Configure Angularjs and CORS correctly using Apache running Flask api and Angularjs frontend on separate domain

Question

This has been discussed all through Stackoverflow but I have not been able to find the solution for getting this to work. I even tried following alot of what was discussed in this post (Issues with CORS. Flask <-> AngularJS) since it was closly related to my setup, but I am still pretty much lost.

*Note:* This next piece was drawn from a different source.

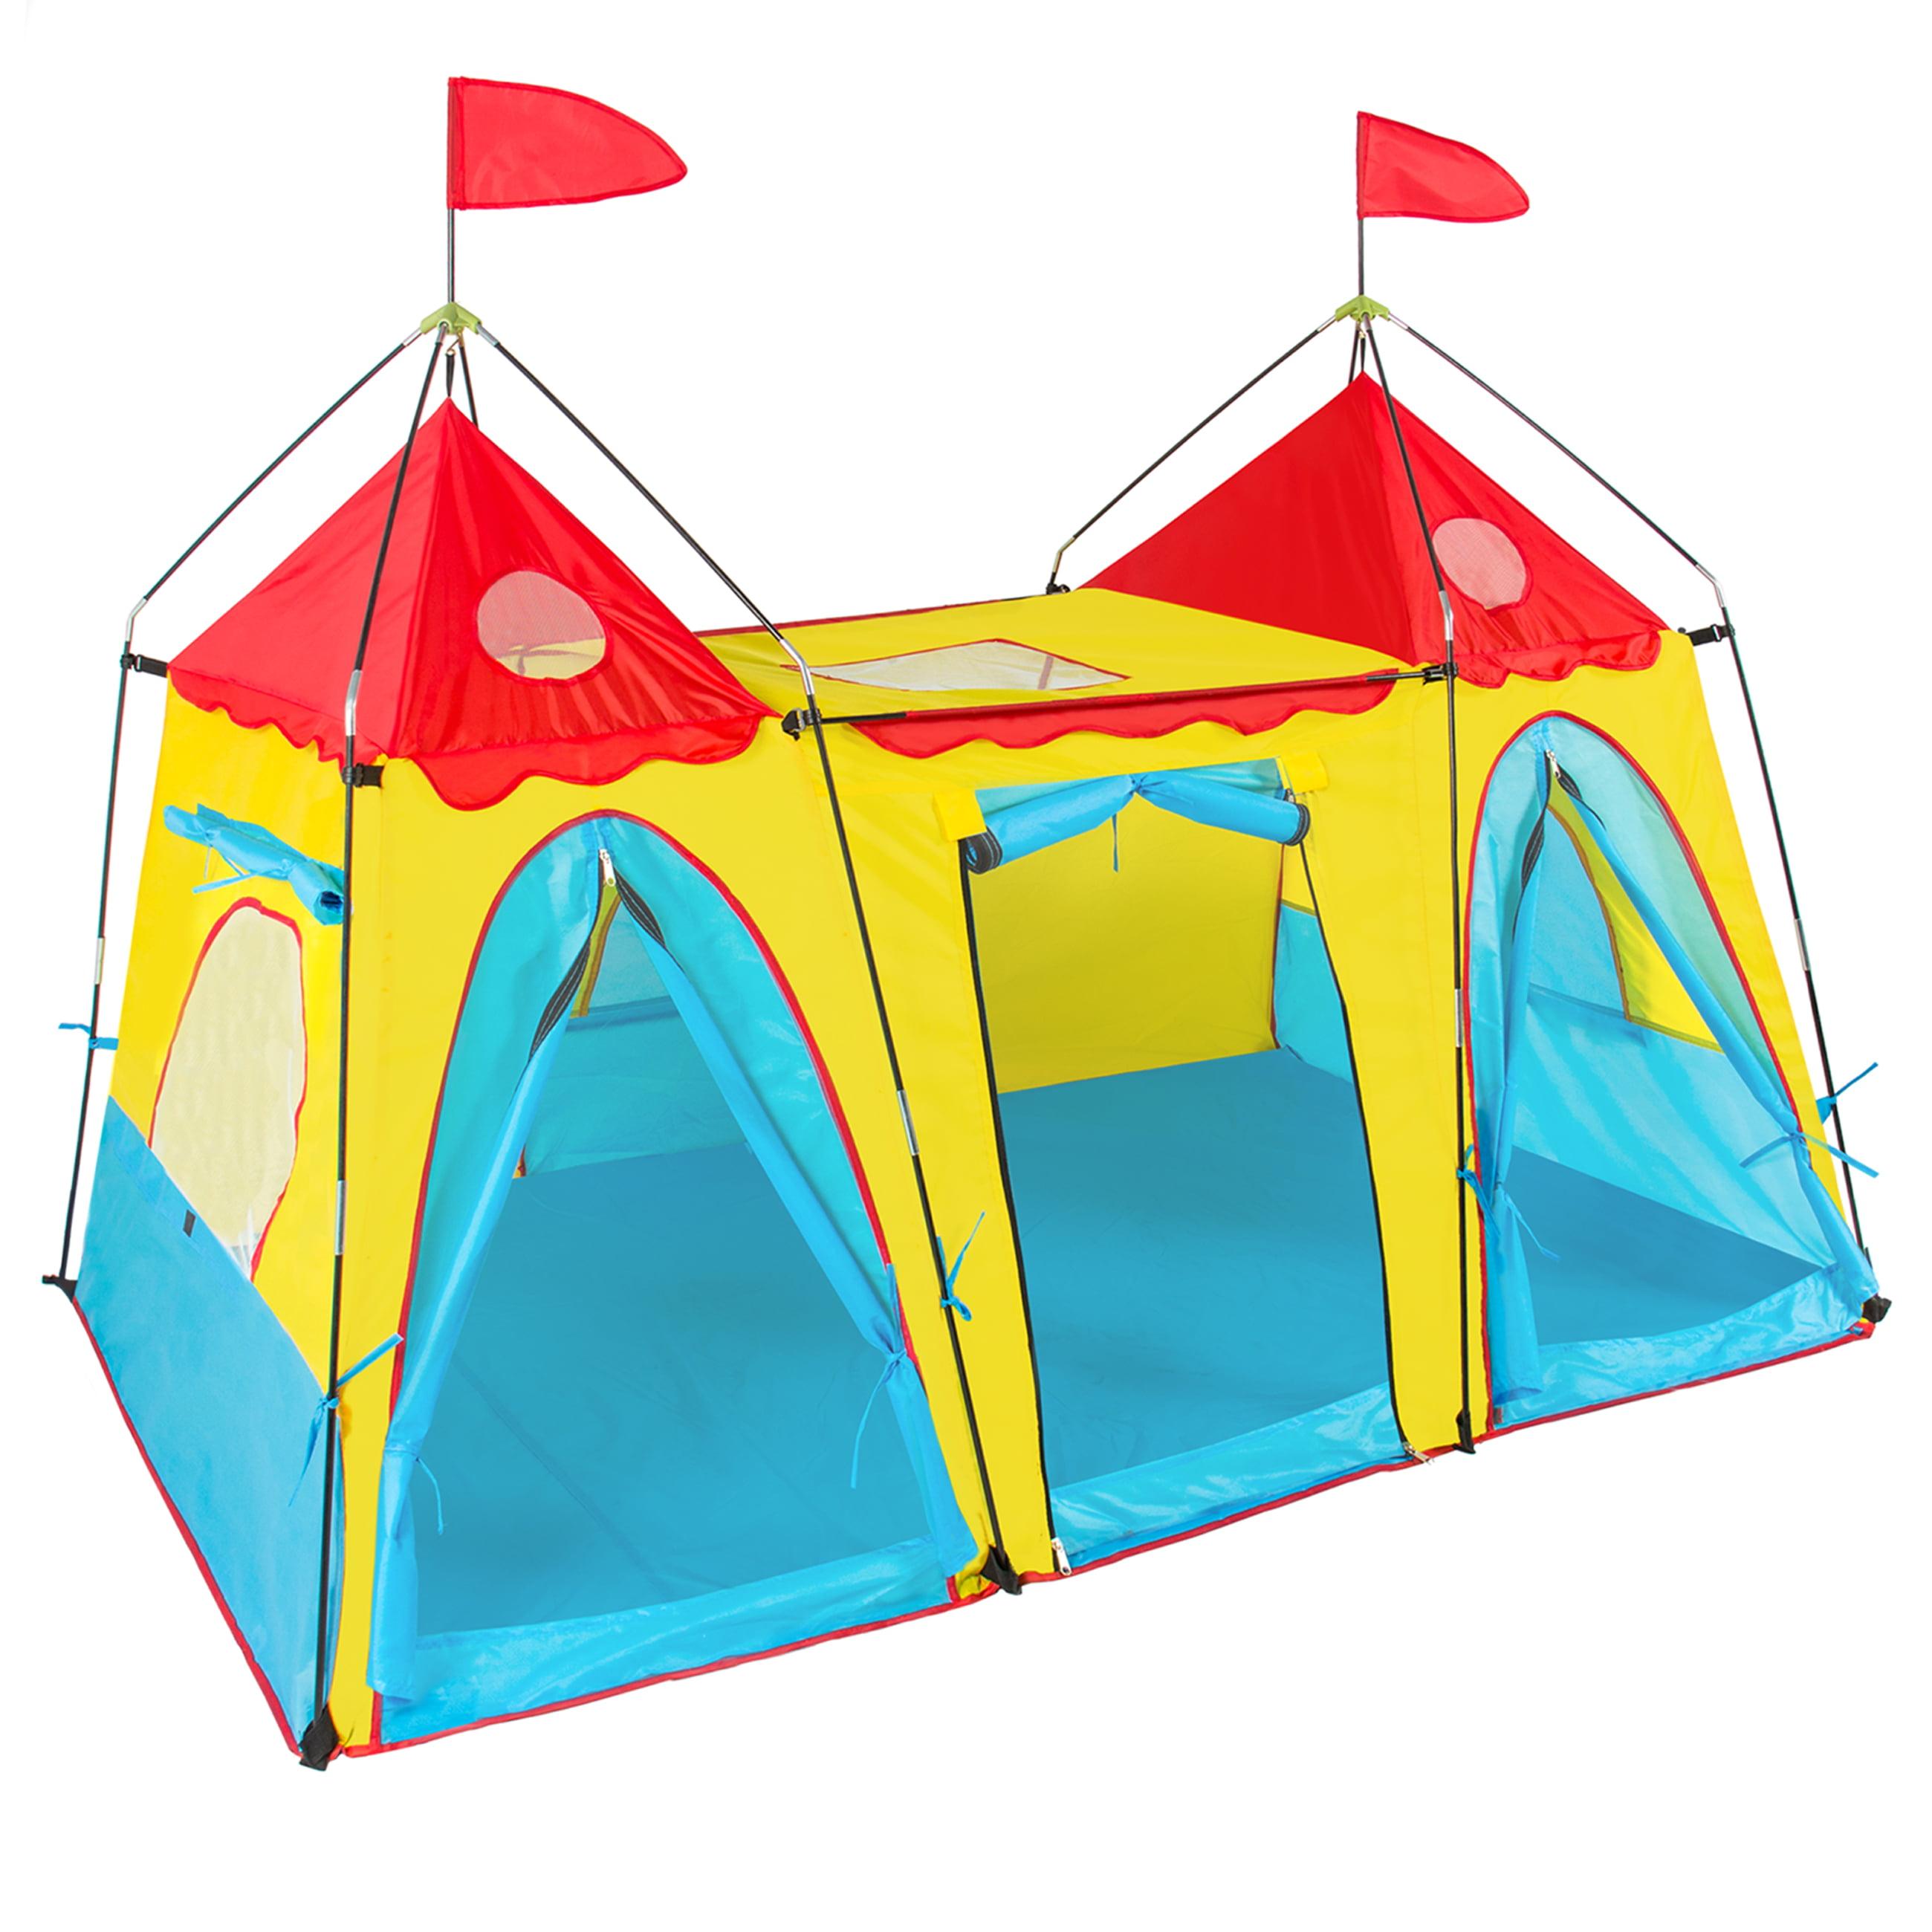 Kidu0027s Play Tent Big Girl Indoor Outdoor Fantasy Palace Castle Easy Set Up House - Walmart.com  sc 1 st  Walmart & Kidu0027s Play Tent Big Girl Indoor Outdoor Fantasy Palace Castle Easy ...

I have a python flask api server running locally. I have named this domain bac-api. Here is what this vhost looks like.

<VirtualHost *:80>
    ServerName bac-api

    WSGIDaemonProcess bacapi python-path=/home/lumberjacked/workspace/bas/development/lib/python2.7/site-packages
    WSGIScriptAlias / /home/lumberjacked/workspace/bas/development/bac-api/bacapi.wsgi
    Header set Access-Control-Allow-Origin "*"
    Header set Access-Control-Allow-Headers "Origin, X-Requested-With, Content-Type, Accept, application/json"
    Header set Access-Control-Allow-Methods "POST, GET, OPTIONS"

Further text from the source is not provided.